The evaluation of the structural model comprises a series of five steps. The initial step involves testing for multicollinearity and assessing the variance inflation factor (VIF) among all endogenous constructs. In the second step, the t-value and p-value are evaluated. The third stage entails examining the Coefficient of Determination (R2), while the fourth step focuses on effect size (f2). Finally, the model’s prediction ability is assessed through the fifth step, which involves determining the Q2 value. To begin with, there are no issues of multicollinearity, as all VIF values of predictors in the model are below 5, which is considered satisfactory for evaluating the model (Hair et al., 2019). The researchers employed inner VIF scores since all factors within the model are reflective rather than formative. The findings of the inner VIF scores for the model’s predictors can be seen in Table 6. Furthermore, in this study, the researchers utilized a bootstrapping sampling technique with 5000 iterations of a subsample to test the structural model. The R square, effect sizes (f2), and Q square are presented in Table 7. In terms of the model’s predictive potential, the blindfolding technique was employed, revealing that the model exhibits predictive power, as indicated by the Q2 values of all endogenous constructs exceeding 0, as displayed in Table 7.

Table 6 Inner VIF for the predictors.
Table 7 R square, effect sizes (f2), and Q square.

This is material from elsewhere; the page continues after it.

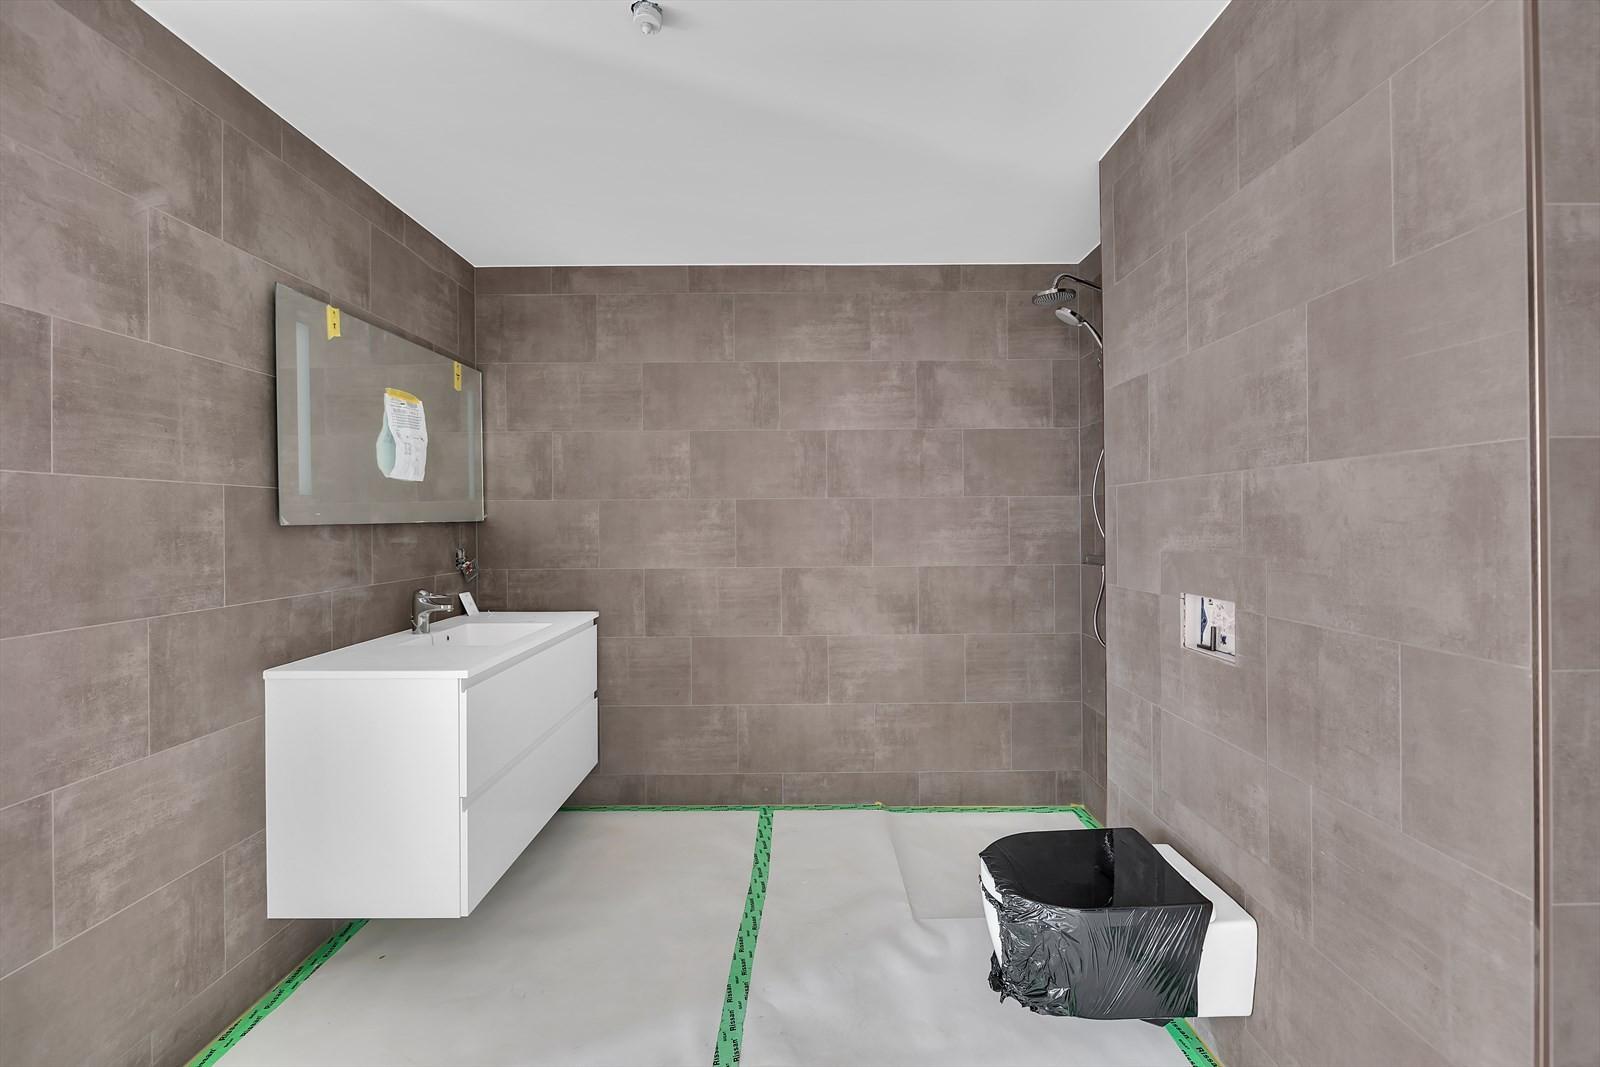 Baderom med delikate fliser, vegghengt toalett, vask med hvitt underskap, speil med lys, dusj med sammen foldbare glassdører. Veggfliser i 60*60, gulvfliser, Gulvfliser i 60*60, i dusjnisje fliser i 10*10

The findings of the path analysis are presented in Table 8 and Fig. 2. The results reveal significant relationships between various factors among in-service teachers. First, attitudes of in-service teachers significantly influence their digital competence (AT->DC: β = 0.503, p < 0.01), digital tools utilization (AT->DTU: β = 0.326, p < 0.01), and ICT integration (AT->ICTI: β = 0.296, p < 0.01). Furthermore, attitudes indirectly impact ICT integration through digital competence and digital tools utilization, with significant and positive effects (AT->DC->ICTI, AT->DTU->ICTI: p < 0.01). Second, the self-efficacy of in-service teachers significantly influences their attitudes (SE->AT: β = 0.535, p < 0.01), digital competence (SE->DC: β = 0.200, p < 0.01), digital tools utilization (SE->DTU: β = 0.181, p < 0.01), and ICT integration (SE->ICTI: β = 0.174, p < 0.01). Additionally, self-efficacy indirectly influences ICT integration through attitudes, digital competence, and digital tools utilization, with significant and positive effects (SE->AT->ICTI, SE->DC->ICTI, SE->DTU->ICTI: p < 0.01). Moreover, in-service teachers’ digital competence has a significant impact on their utilization of digital tools (DC->DTU: β = 0.266, p < 0.01) and ICT integration (DC->ICTI: β = 0.223, p < 0.01). Furthermore, digital competence indirectly influences ICT integration through digital tools utilization, with a significant and positive effect (DC->DTU->ICTI: p < 0.01). Lastly, in-service teachers’ digital tools utilization significantly influences ICT integration (DTU->ICTI: β = 0.156, p < 0.01).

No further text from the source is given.